▸ **Assignment**
Repeat the span of the entries below that starts at the line with "Step by step" and ends at the line with "Two white cows", nothing more. Skip the pictures.

▸ **Records provided**
****

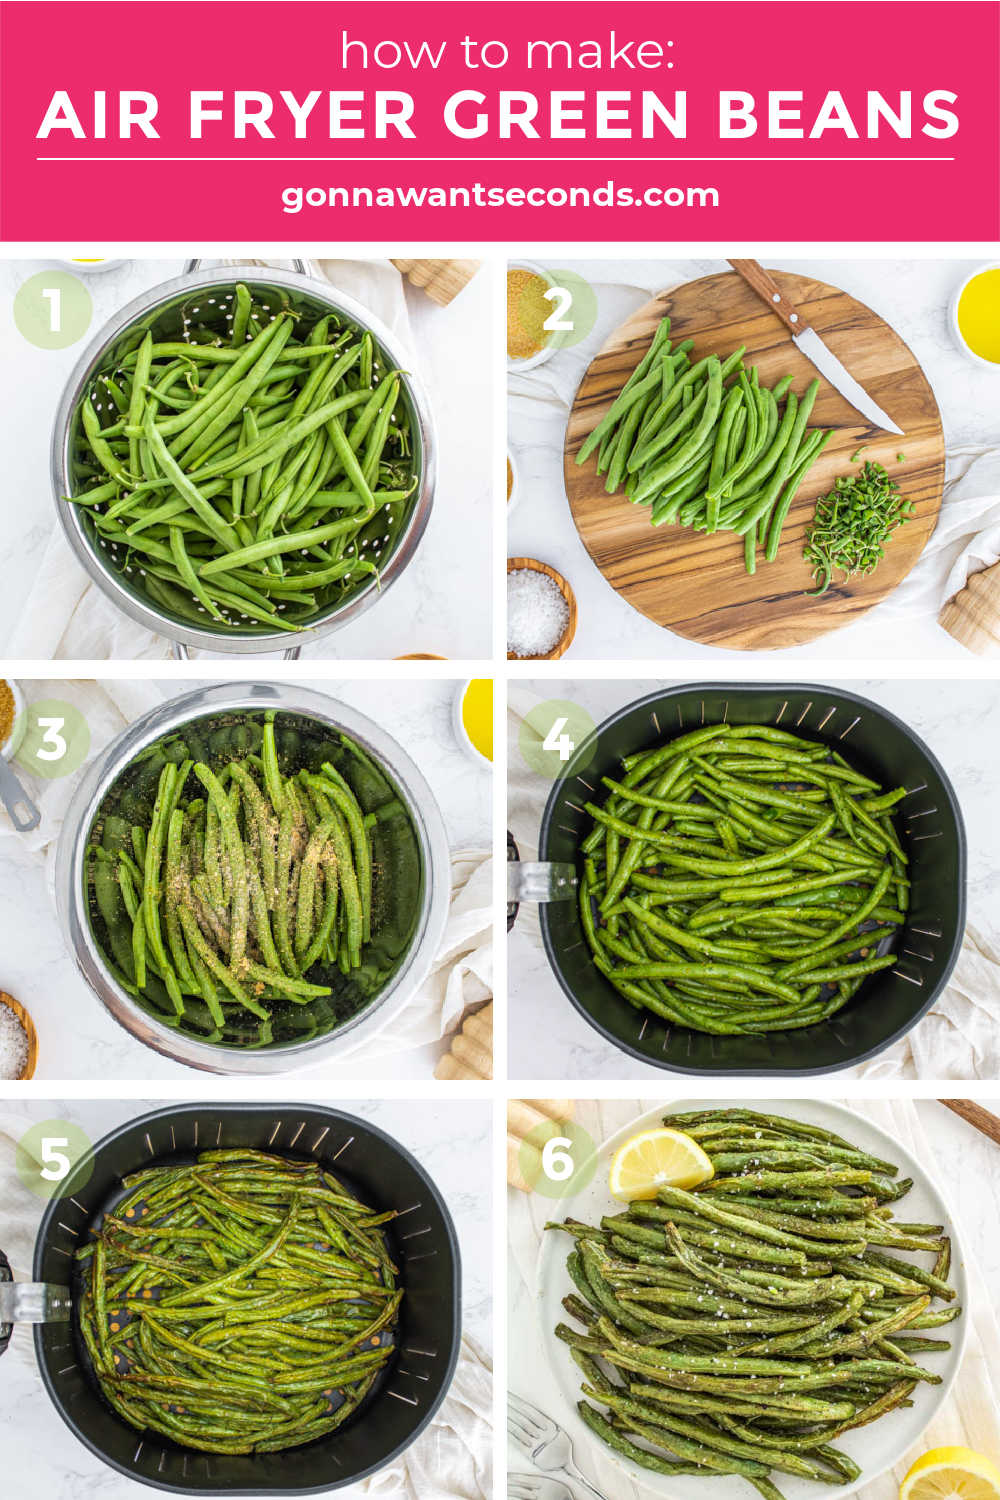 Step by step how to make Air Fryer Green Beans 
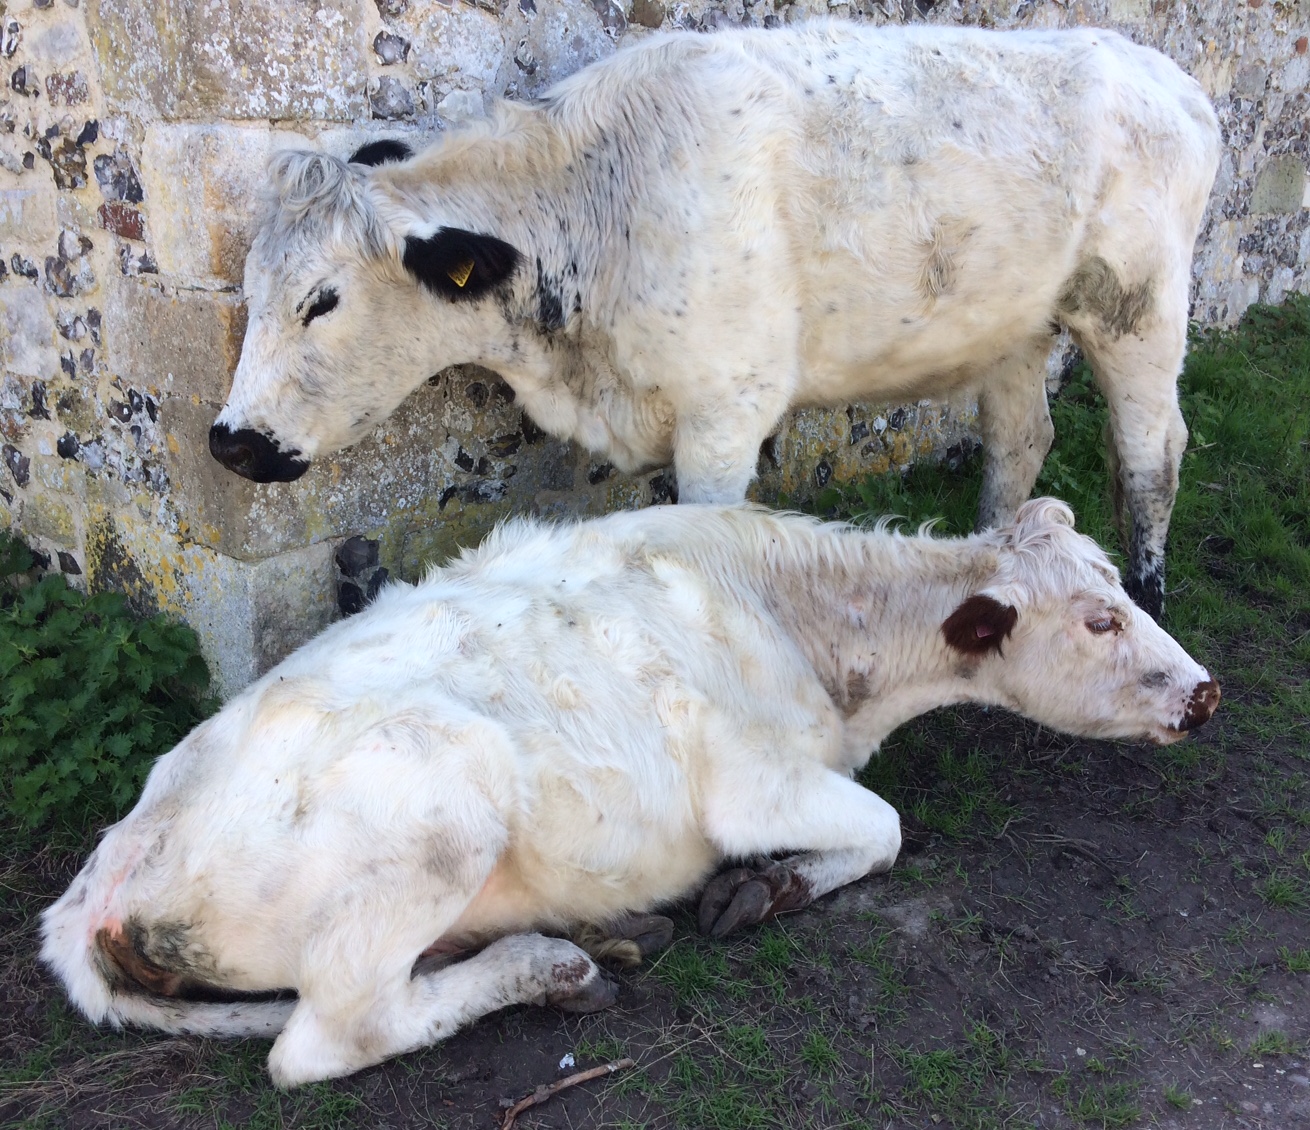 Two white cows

****

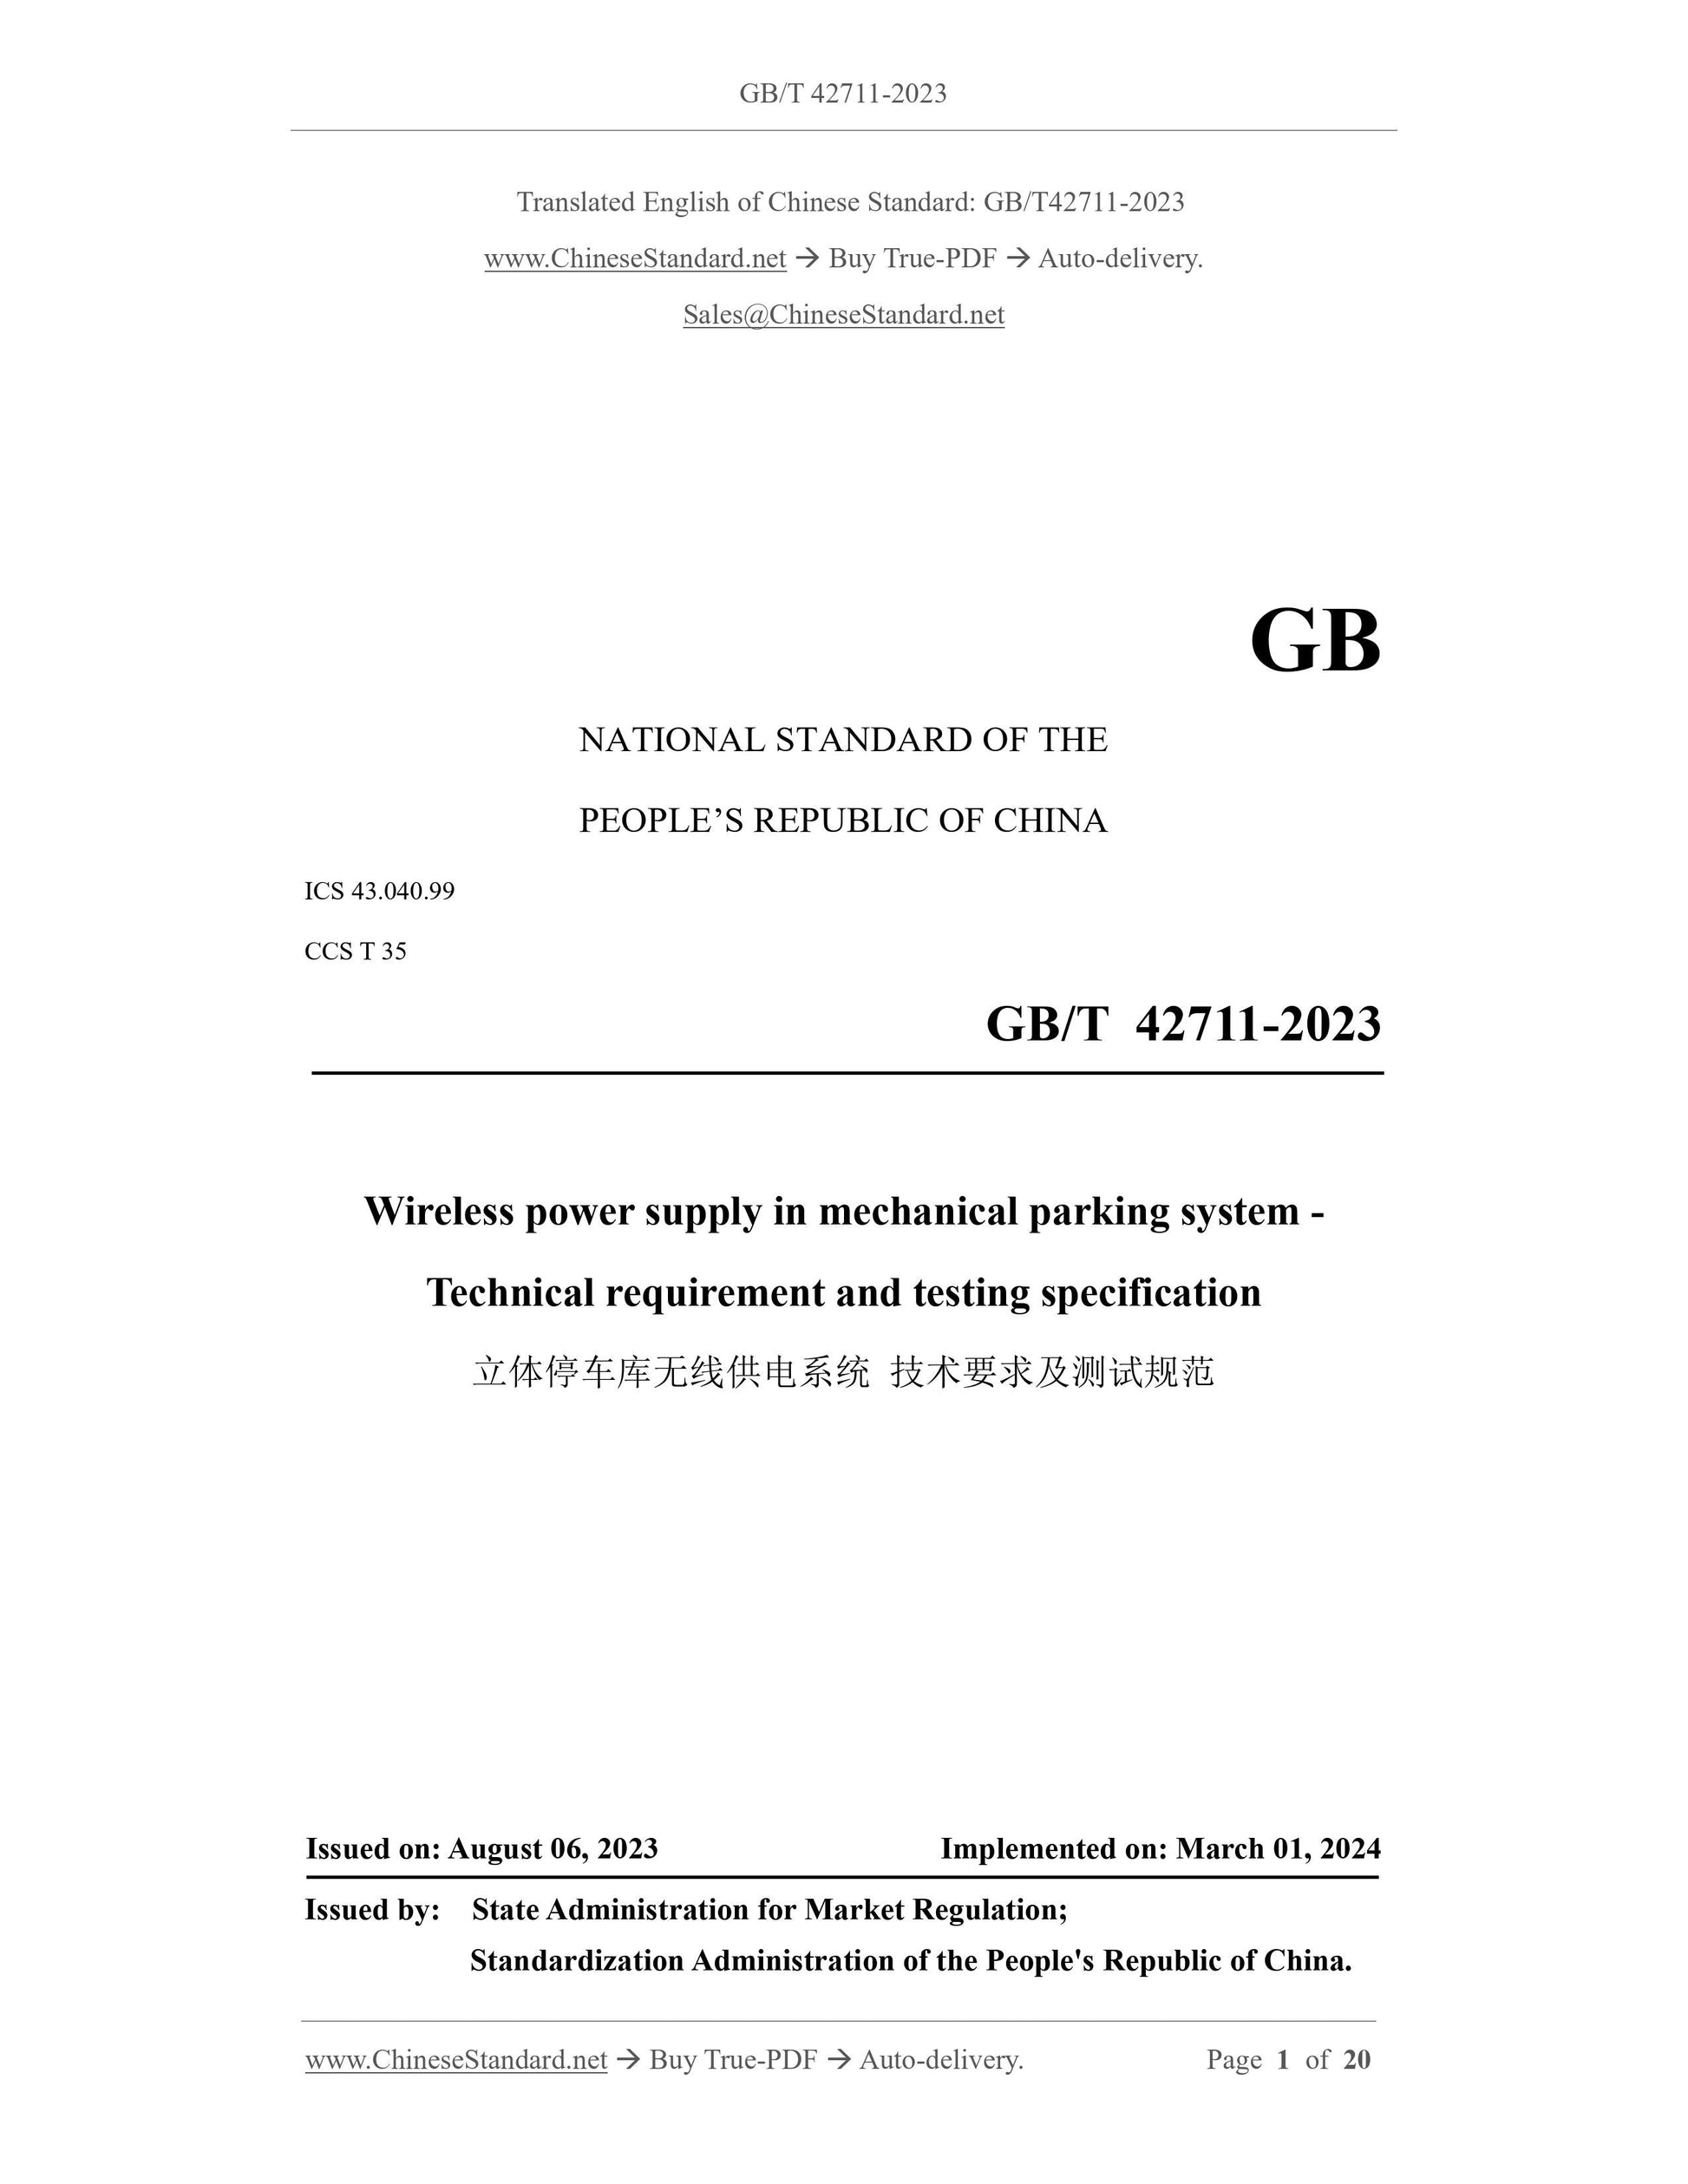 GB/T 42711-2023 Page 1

****

▸ **Output below**
 Step by step how to make Air Fryer Green Beans 
 Two white cows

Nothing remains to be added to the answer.